_Activity_:
Omit all images, then repeat exactly the lines below from the one containing "Staff portraits for Tigg Coll Architects" through the one containing "Blumen_0057_L1100367a", both ends included.

_Record set_:
▬▬▬▬▬▬
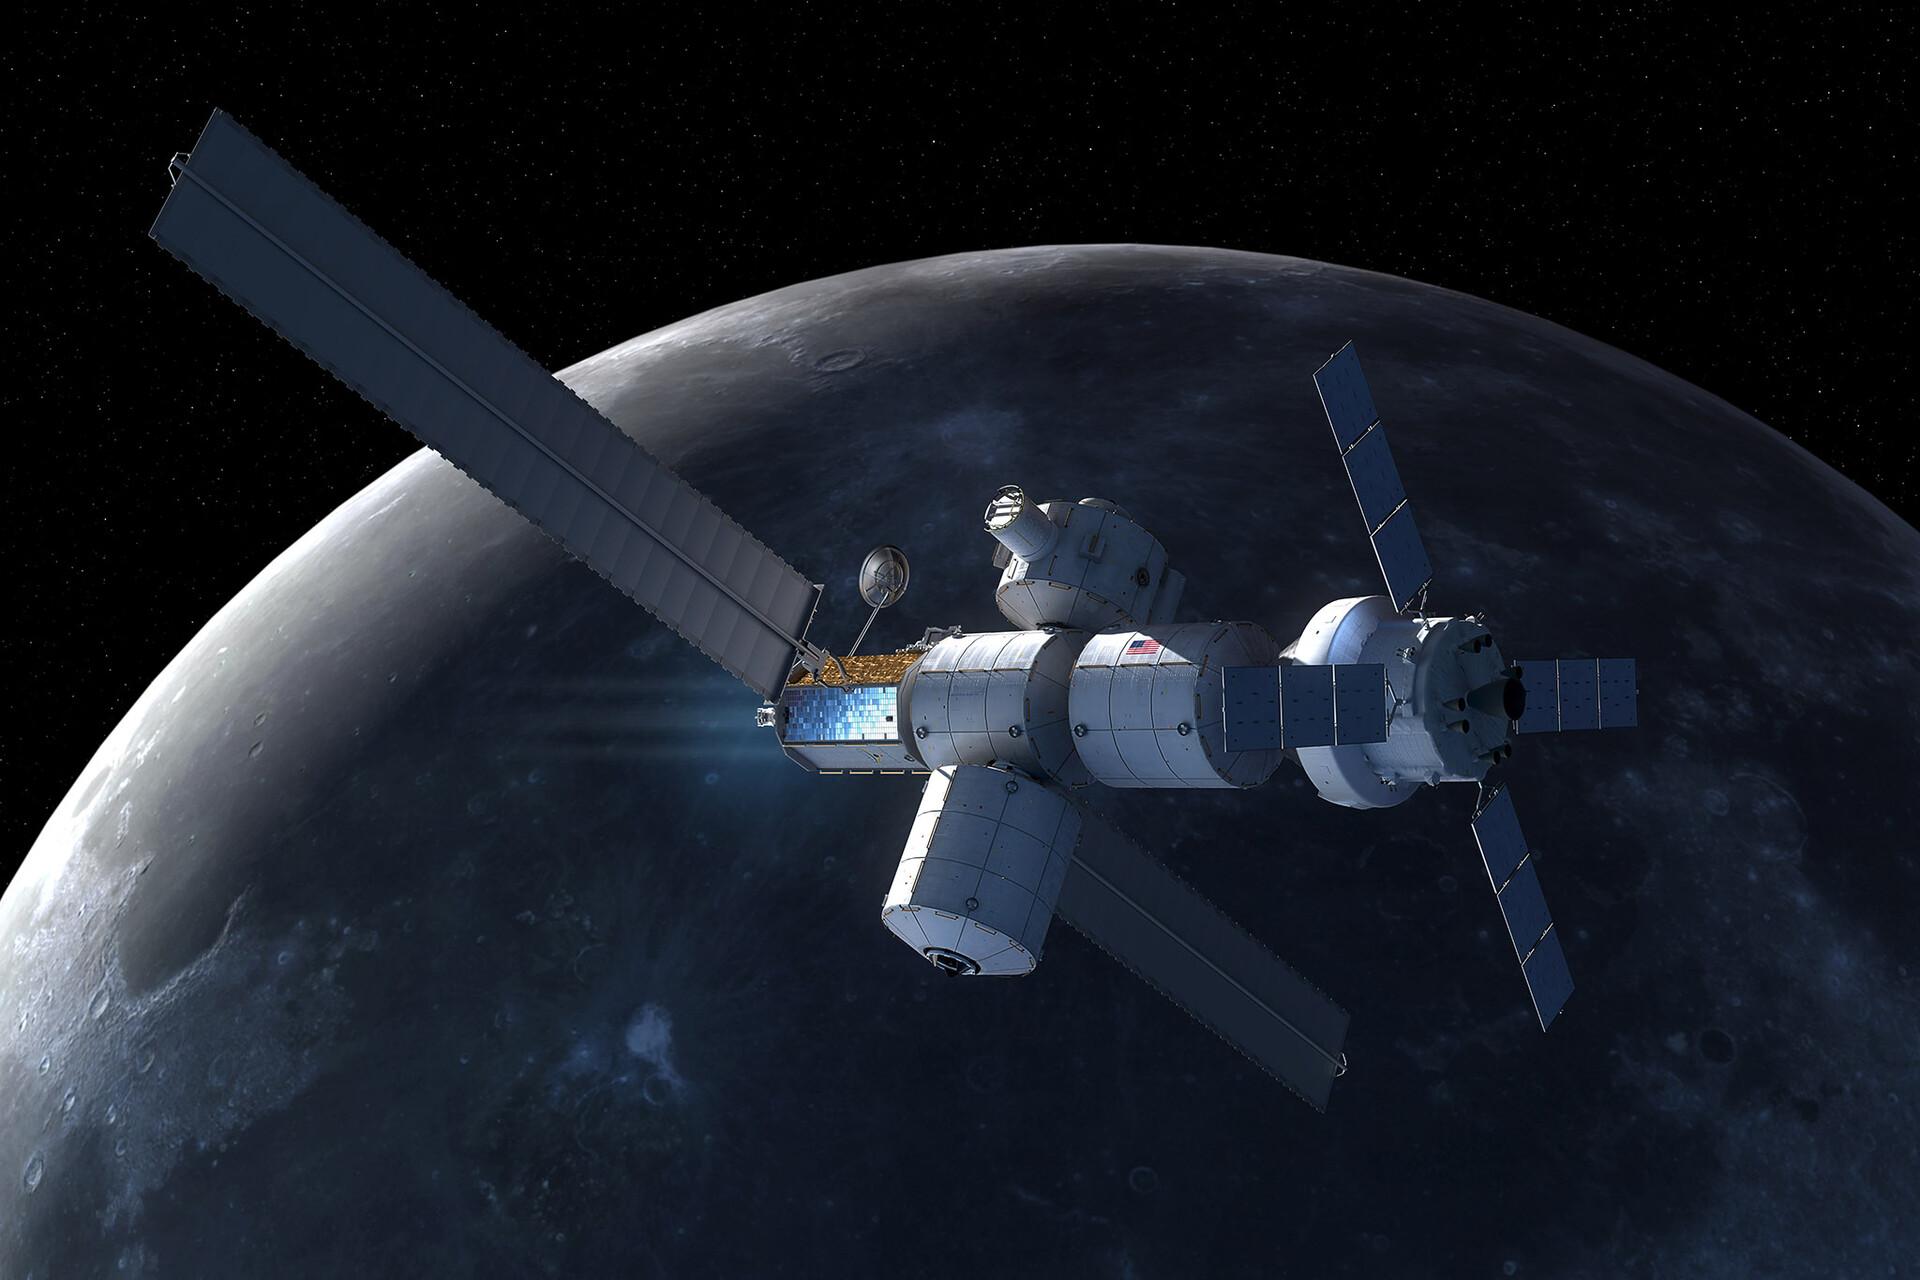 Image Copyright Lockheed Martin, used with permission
▬▬▬▬▬▬
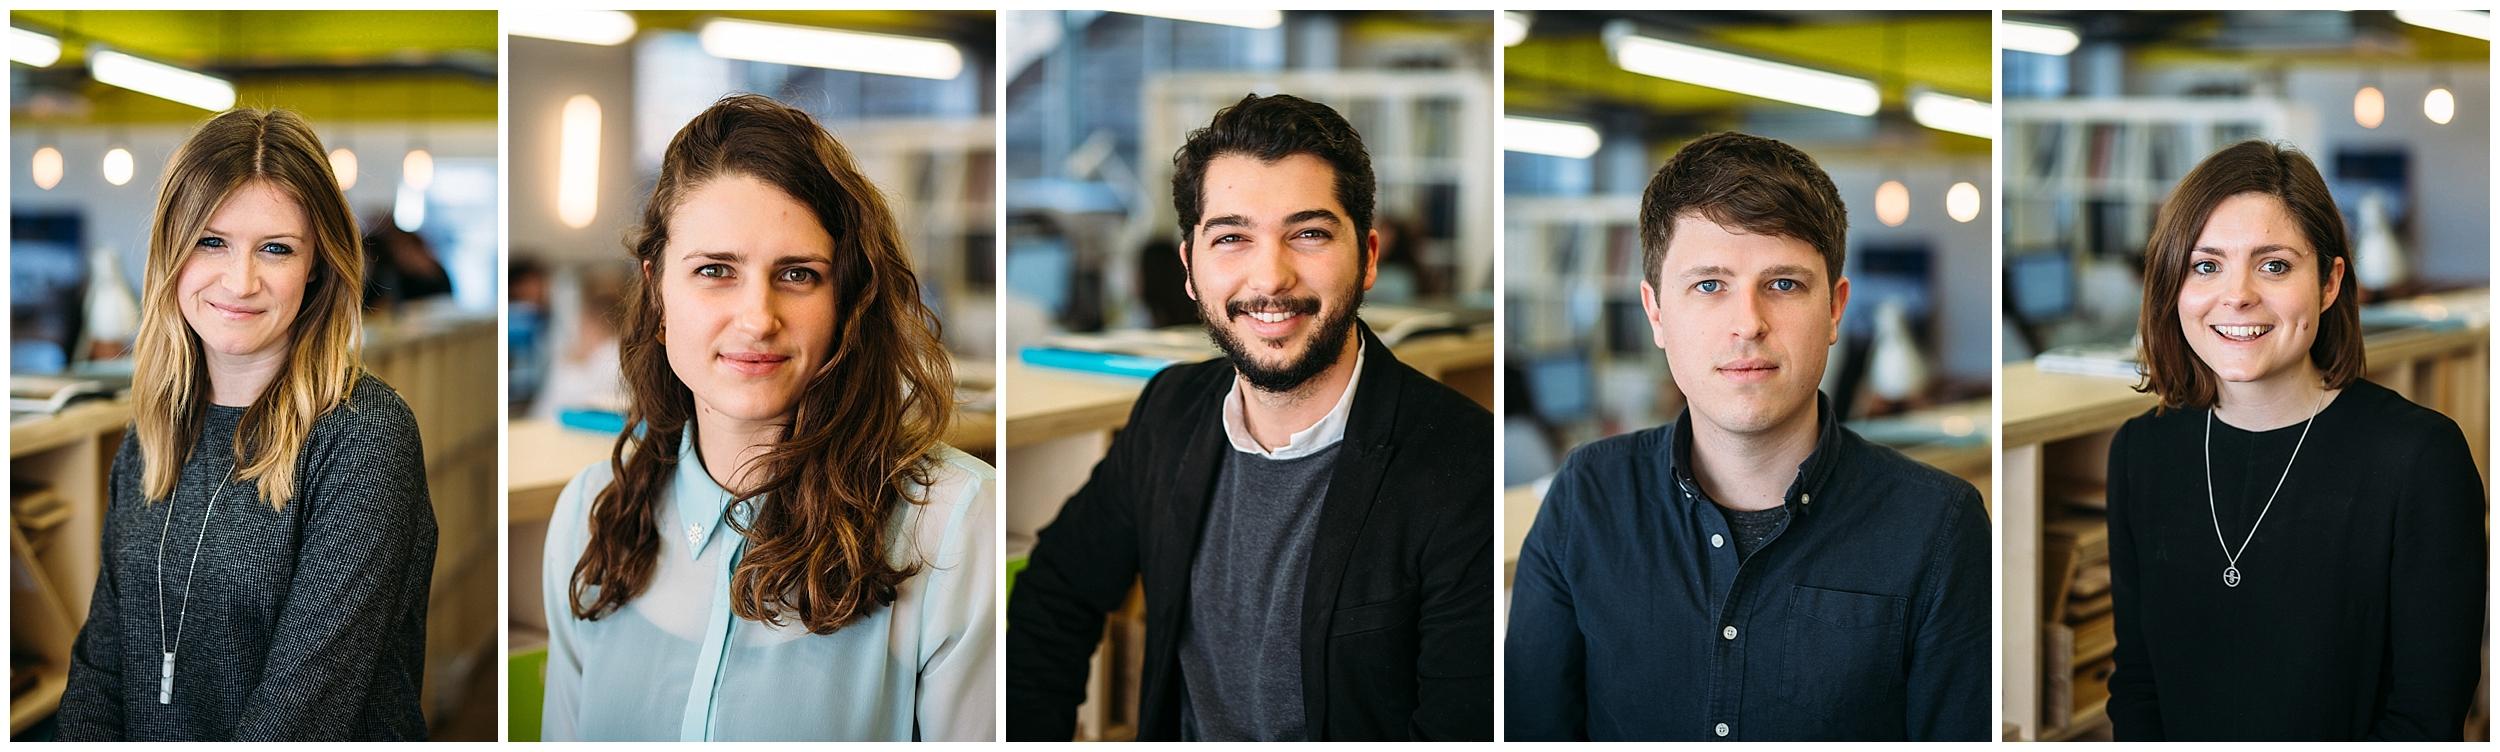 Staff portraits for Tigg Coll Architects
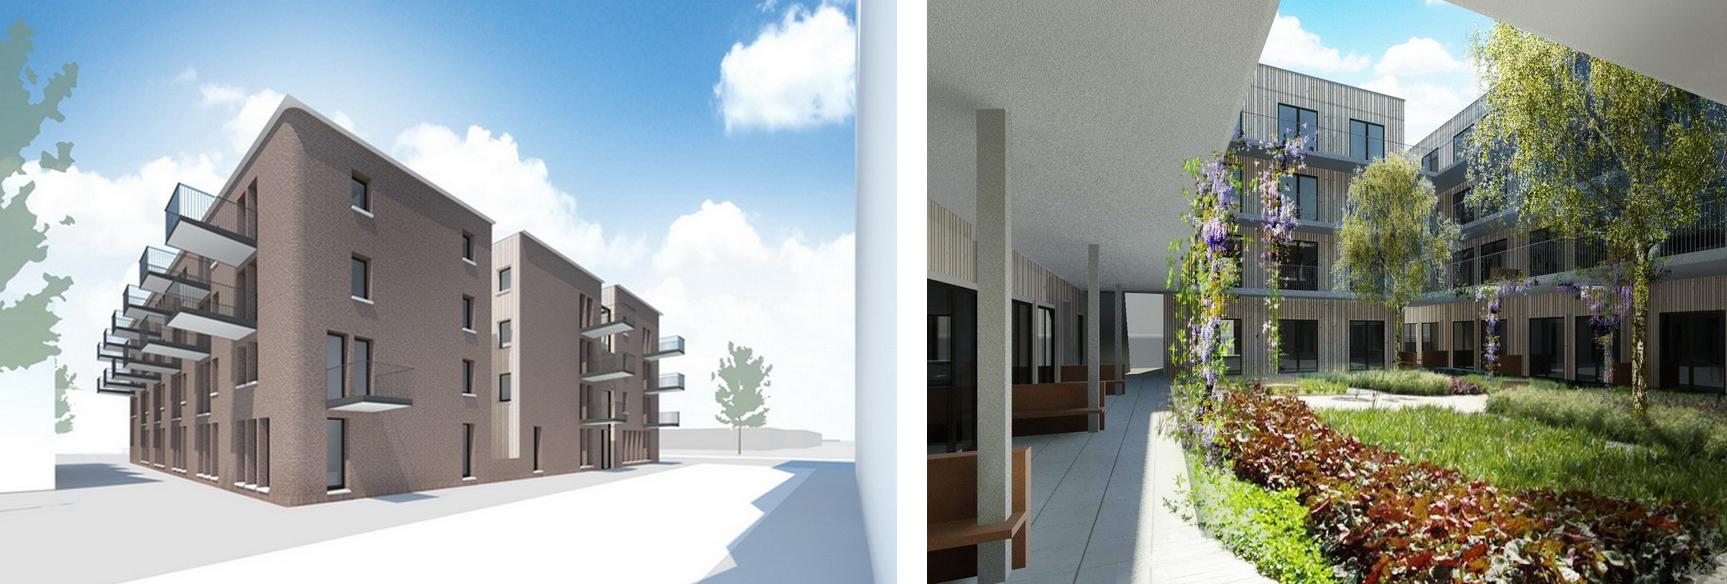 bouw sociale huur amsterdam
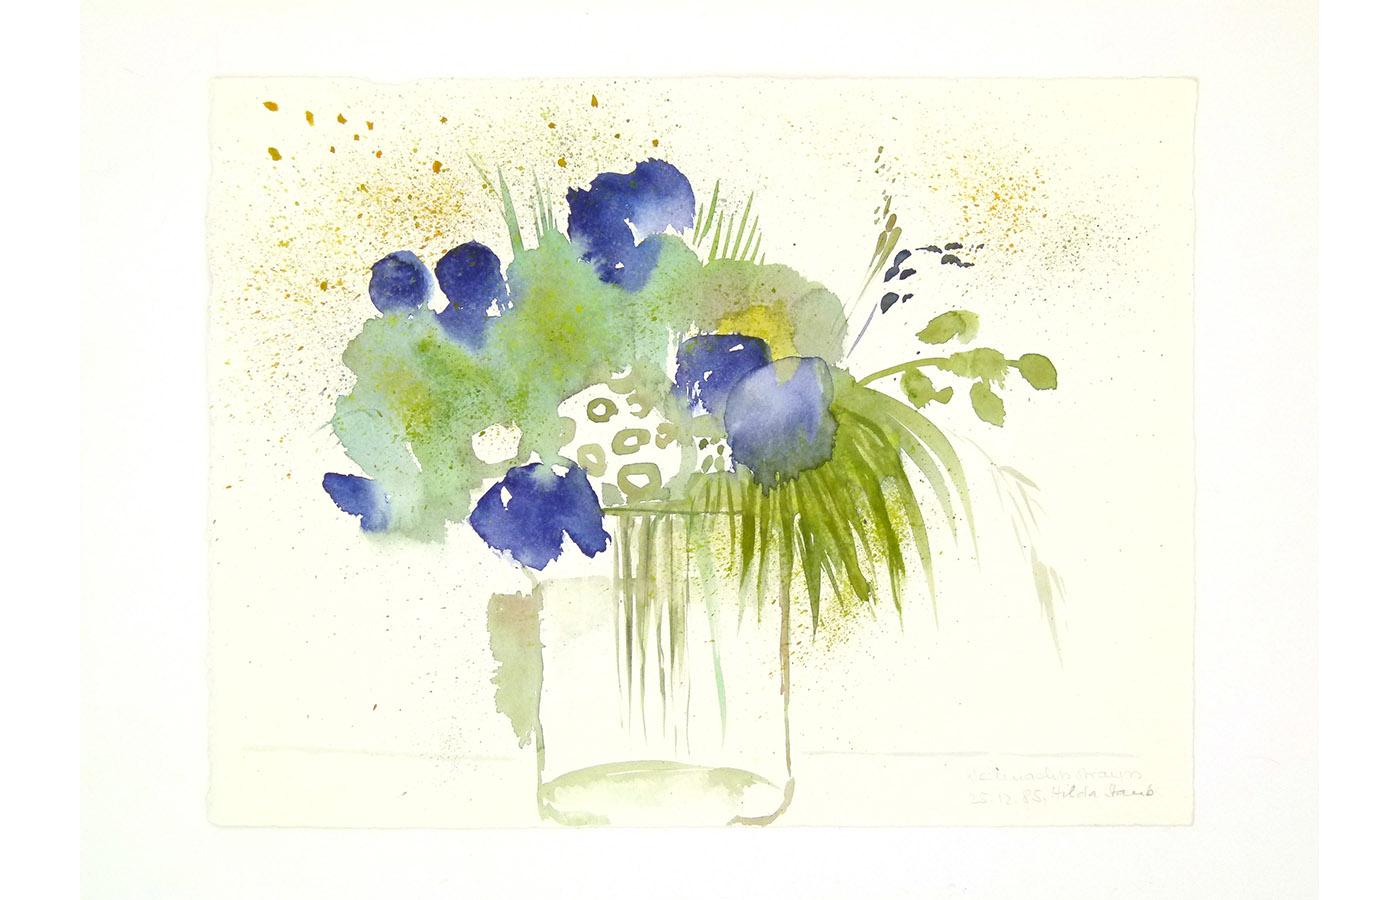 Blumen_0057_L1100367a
▬▬▬▬▬▬
_Expected answer_:
 Staff portraits for Tigg Coll Architects
 bouw sociale huur amsterdam
 Blumen_0057_L1100367a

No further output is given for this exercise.